A glance up showed him that his witch - or he hoped she still was - was still very, very, very angry. Cursing himself for being a fool who didn't bother to lay down carpet, he slipped out of his chair and down onto one knee. He couldn't look at her for this part, but he wouldn't let things end on that admission. "I have been admiring you from afar since you took up the Ancient Runes post. When Remus Lupin declared you the brightest witch of your age, he only paid you a fraction of the recognition you came to deserve later. You are loyal, honest, and truly kind hearted. There are few people that understand my jokes, who are willing to get past my particularly prickly ways to meet me in a rational discussion. Your society has been a revelation, an oasis in the desert."

He shook his head, "There aren't many people, much less witches out there who have the strength of mind and the courage to push back." He dry swallowed, taking her silence as an invitation to go on, "I know I am not much to look at. I'm old and broken down, and some days my moods render me completely unfit for polite society.
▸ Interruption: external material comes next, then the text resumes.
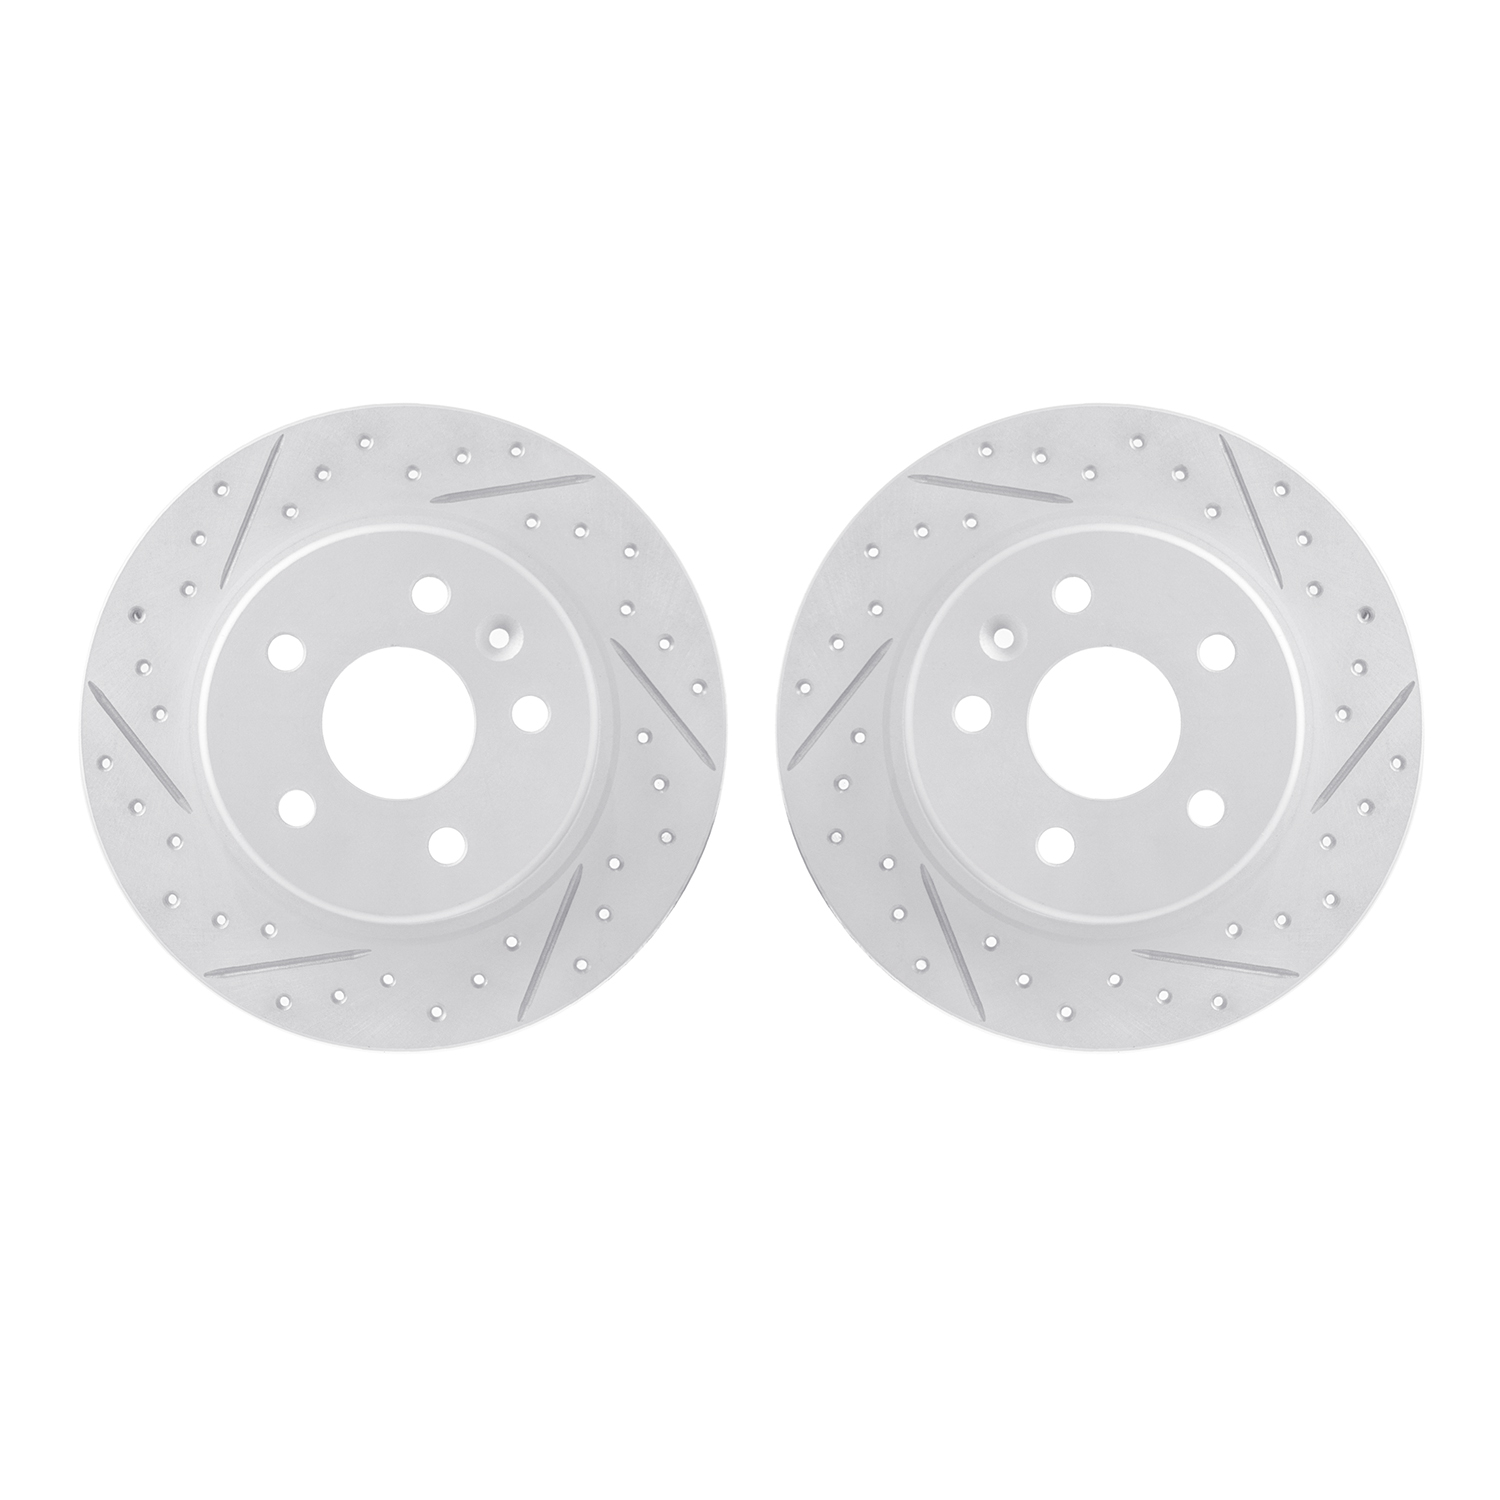 2002-47036 Geoperformance Drilled/Slotted Brake Rotors, Fits Select GM, Position: Rear

Until I met you, I'd all but resigned myself to the life of an eternal bachelor." The guide to Homes for Dunderheaded Bachelor Wizards flashed in his inner vision. "I dare to hope for more, with you."
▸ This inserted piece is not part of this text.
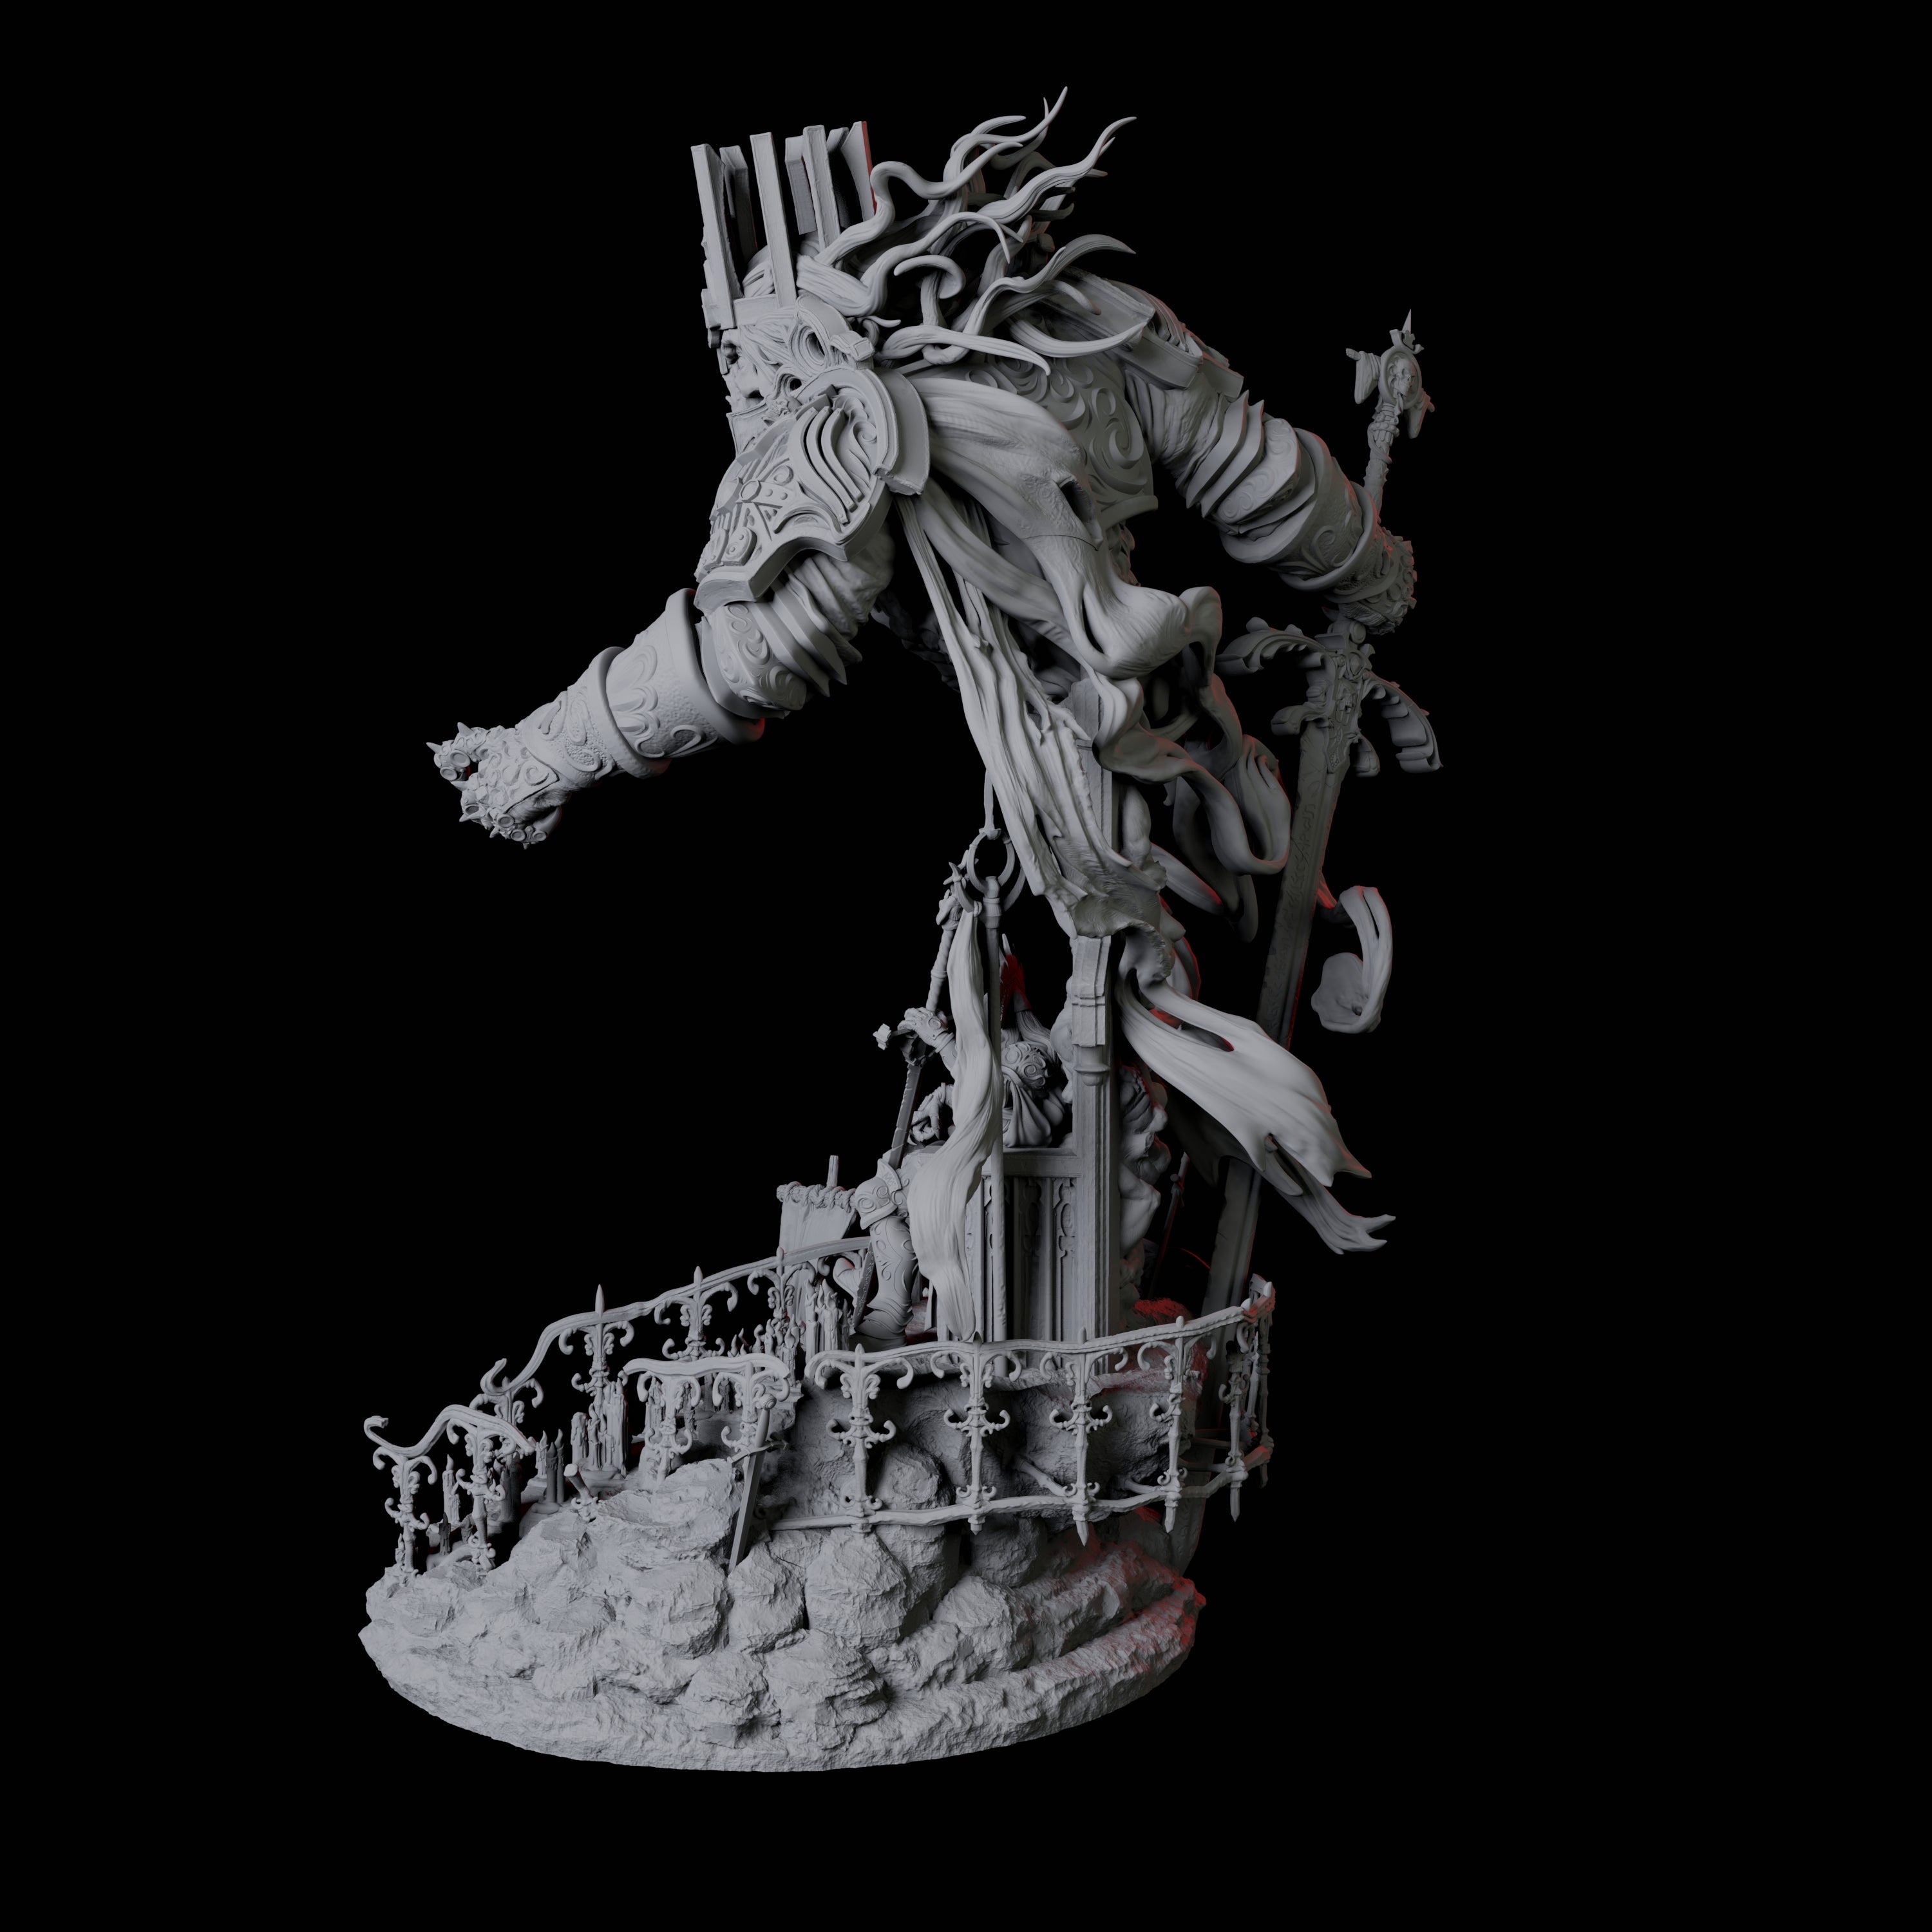 Armoured King on Throne with Lich Miniature for Dungeons and Dragons, Pathfinder or other TTRPGs

That cold stone floor was seeping its chill into his bones. "The very idea of losing your good regard frightens me more than the certainty of death. I am sorry, Hermione. Truly." He reached out a hand, in supplication and was surprised when a smaller hand took it. Lifting his eyes to hers, he was quite alarmed to see tears streaking the witch's face. Hermione's fingers spasmed in his hand, pulling up with insistence.

Severus stood up stiffly, lifting his other hand to brush away tears from Hermione's face. She was a distressed mess and her nose looked like it was swelling, reddening like a tomato. He didn't carry a handkerchief. He whispered, "Winky? Handkerchief please?" He reached down and felt a square of linen press into his left hand. "Thank you." He swallowed and used it to mop her face. A moment's hesitation preceded his attentions to that nose, but she released his hand to take over. She turned away, producing a sound that he imagined a lady-like elephant might use to call to the herd.

Winky was shifting a heavy tea-tray onto his desk and gifted Severus with a suspicious glare. "Is Headmaster wanting ought else?" Her tone suggested that she'd be willing to treat him toa bludger to his skull if only he'd ask nicely.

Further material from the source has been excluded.